Талэк ответил не сразу, пристально разглядывая Хальвара, будто в чем-то всё ещё сомневаясь.

– Ты ведь знаешь, что одного крючка мало, чтобы поймать рыбу. Ей нужна наживка. Я говорил, что у Молоха есть одна слабость – солнечный свет. Но, думаю, всё же есть ещё одна…

– Какая? – завороженно спросил мальчик.

Провидец мягко ткнул пальцем ему в грудь.

– Ты, Хальвар.

Мальчик отшатнулся:

– Не понимаю, как? Почему я?!

– Ну, во-первых, ты – последний, кого видела Асвейг перед смертью. Если эта ее часть памяти досталась Молоху, а такое, скорее всего, возможно, то плохи твои дела… Во-вторых, ты уязвил самолюбие существа, сумев вырваться из его цепких лап. После этого оставить тебя в живых оно просто не может… Стоит ли добавлять, что ко всему прочему ты увел прямо из-под носа сразу двух его жертв?
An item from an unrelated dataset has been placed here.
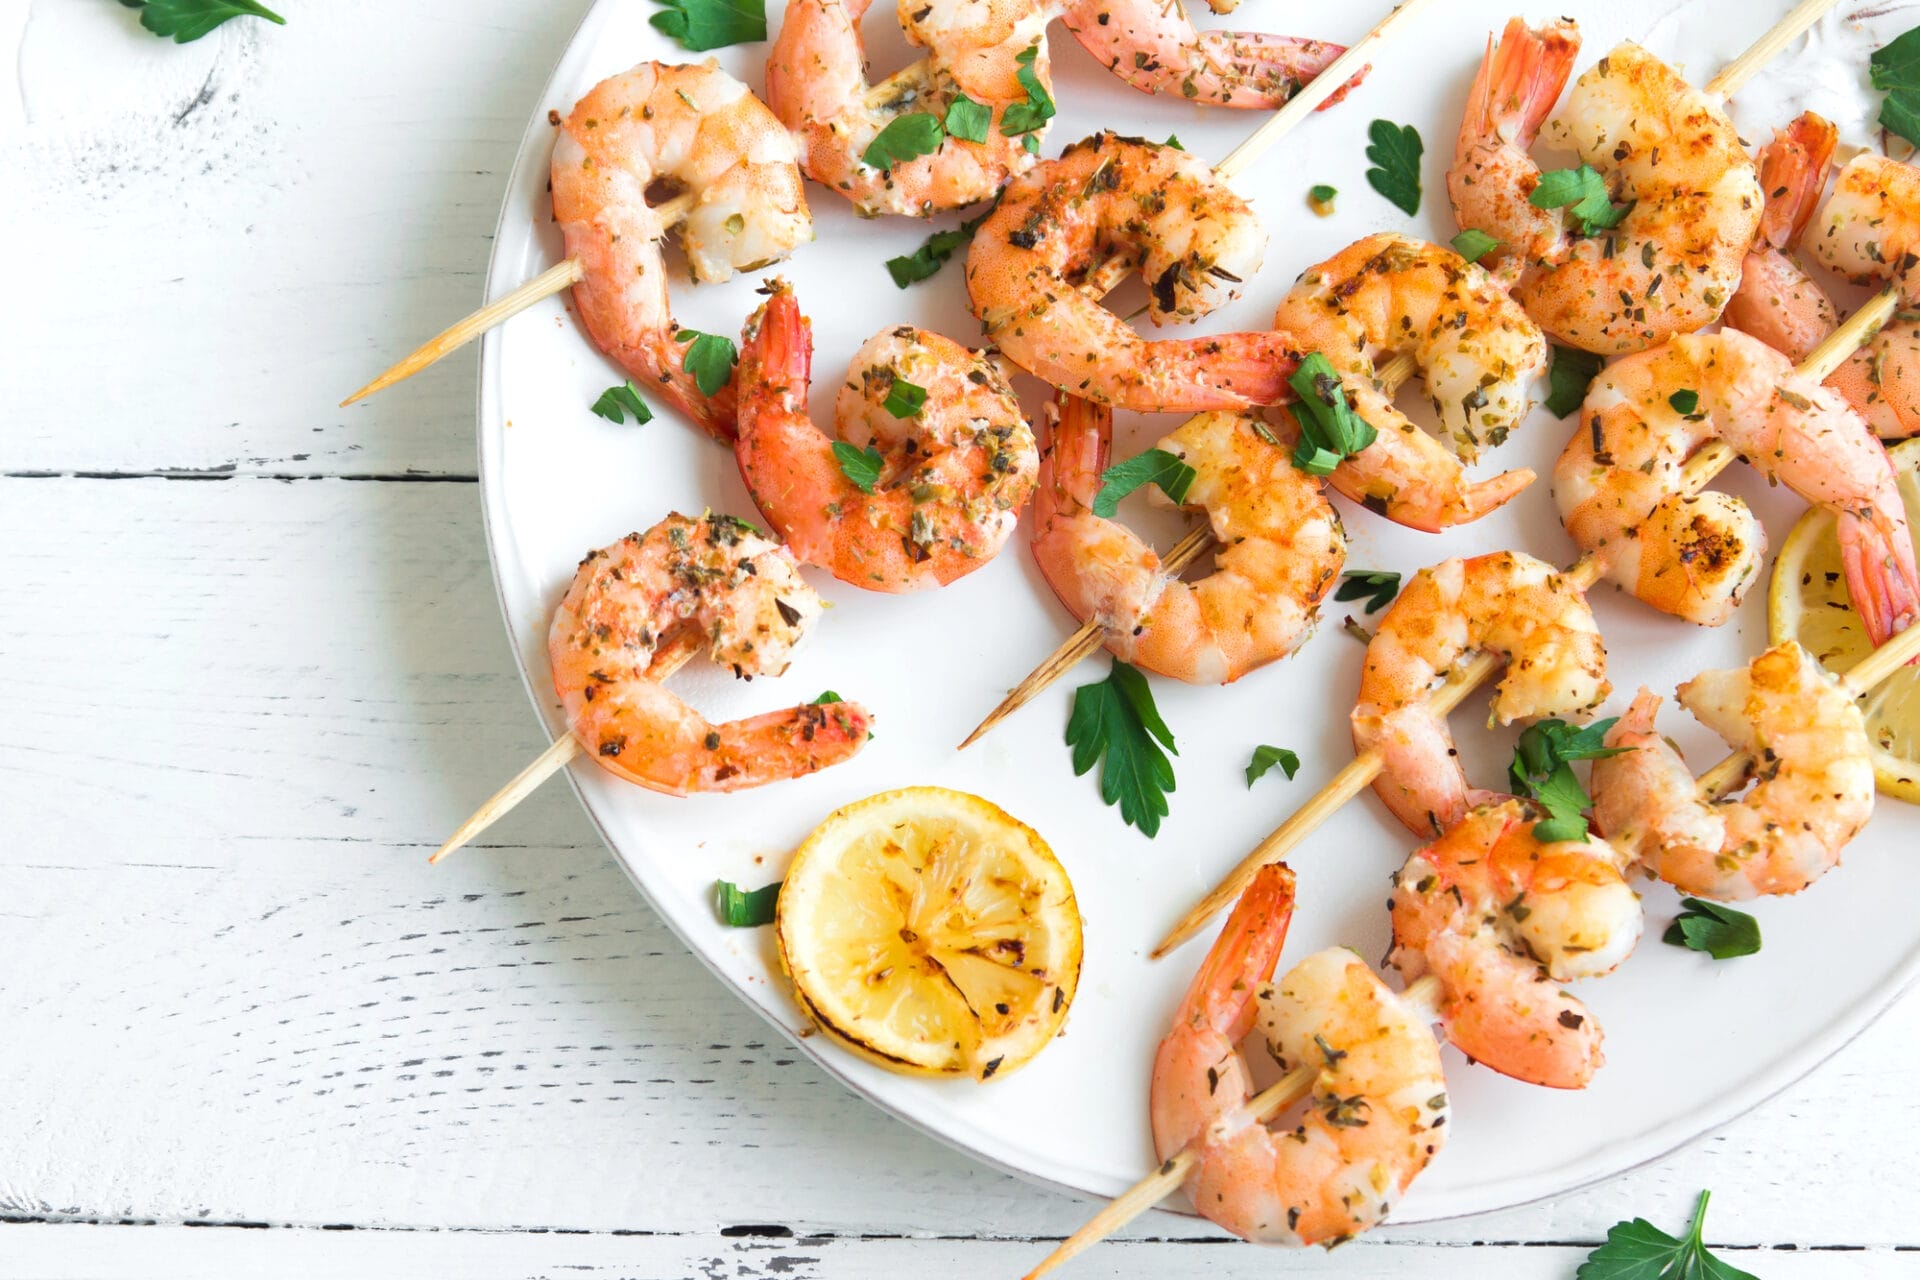 Grilled shrimp skewers with herbs and lemon slice

Хальвар почувствовал слабость в ногах и осел на землю. Его била дрожь. Осознать, что ты – главная цель существа из царства темных богов – это уже слишком. По его щеке скатилась слеза.

– Мне страшно, – признался он старику.

Талэк сочувственно покивал головой:

– Ты можешь отказаться, Хальвар, сын Свена. Никто не станет тебя осуждать…

Перед глазами мальчика всплыло лицо отца и его гордый, за сына, взгляд.

– Нет. Я справлюсь, – тихо ответил он, вытирая слезу грязным рукавом.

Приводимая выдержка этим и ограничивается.